İşte bu sendromun, yolcular üzerinde bıraktığı etki yüzünden, yıllar yılı yazımın başında bahsi geçen cümle "kebin kru teiiiyoof poss.." şeklinde kulağıma çalındı. Hoş; biraz mantık, biraz google yardımıyla boşluklar tamamlandı ama gel gelelim bir cümleyi dahi bitirmeye üşenen ingilizce konuşan pilot profilinin gizemi içimde bir uktedir kaldı.
Hele ki o ilk kalkış yapıldıktan sonra ki, donuk bir ses tonu ve vurgu yoksunluğuyla yapılan bilgi verici konuşmalar vardır ya işte şu yükseklikte uçuyoruz, hava sıcaklığı şu kadar gibilerinden. Dikkat edin ingilizce versiyonları daha da kısadır ve pilotta adeta "yaauu şunları da zaten zorunluluktan söylüyorum, bitse de gitsek" şeklinde bir hava vardır. Tam da bu sebepten; gece nöbetinin son dakikalarında, huysuz hasta yakınına dert anlatmaya çalışan veya verdiği reçeteyi acaba kril alfabesiyle mi yazdı diye düşündürten baymış doktor profilini de andırırlar.

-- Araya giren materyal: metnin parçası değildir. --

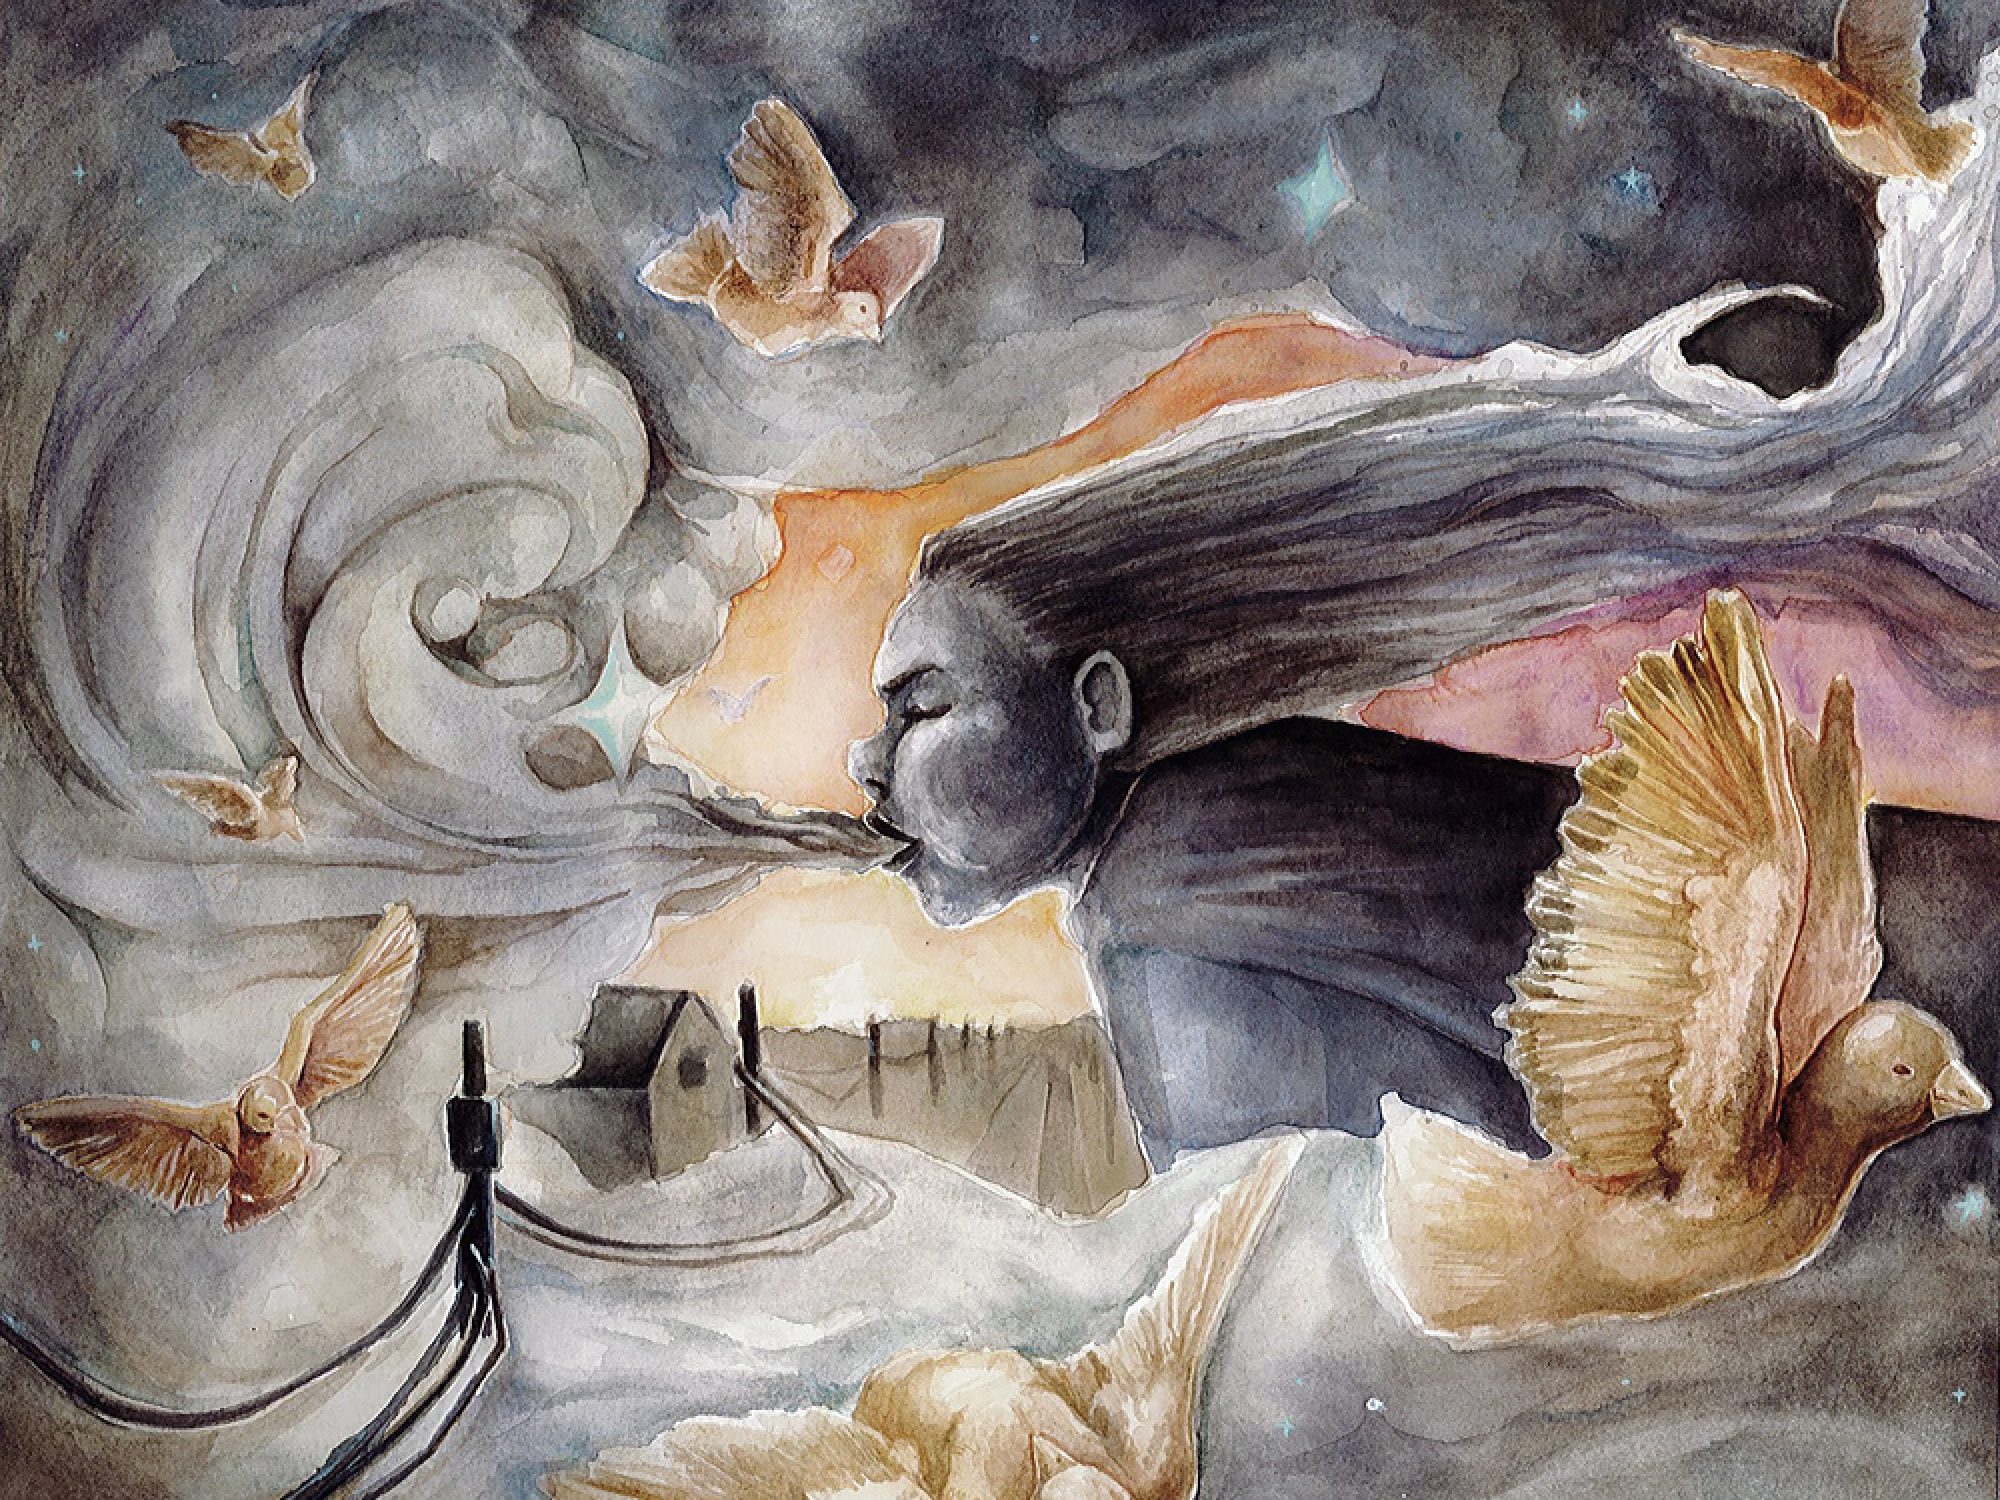 Painting of a figure breathing out clouds with birds around the piece

İşin özü, bir yanım "ne bu havalar hajı(!)" demek istese de, bir yanım da için için -Burhan karakterinin sosyete hastalığı olarak gördüğü panik atak rahatsızlığına olan sempatisi gibi- "şu sendromu bizzat yaşamak vardı ya" diye imrenir.

Son söz: Doktor civanım, F4 pilotum, Tsubasam; 23 Nisan'da üçünüzden birinin koltuğunda gözüm var. Reçeteler hazırlana, emniyet kemerleri takıla, maçın ilk düdüğü çala dursun!

2 yorum:

  1. konuyla ilgili bi enstantanem var. abimin bi arkadaşı thy'de pilot. bi gün geç saat bi uçaktalar. önce normal anons yapılıyo:

    pilot: iyiakşamlar sayın yolcular ben kaptan pilotunuz xy şu anda xyz yükseklik ve yxz hızla uçuyoruz. şu anda bilmemnerde (gidecekleri yer işte) hava bilmemkaç derece. keyifli bir uçuş dileriz.

    (şimdi ingilizce anons yapıcak ama ulan kimsenin dinlediği yok zaten herkes uyuyo, çoğunluk da türk, ne kasıcam diyo)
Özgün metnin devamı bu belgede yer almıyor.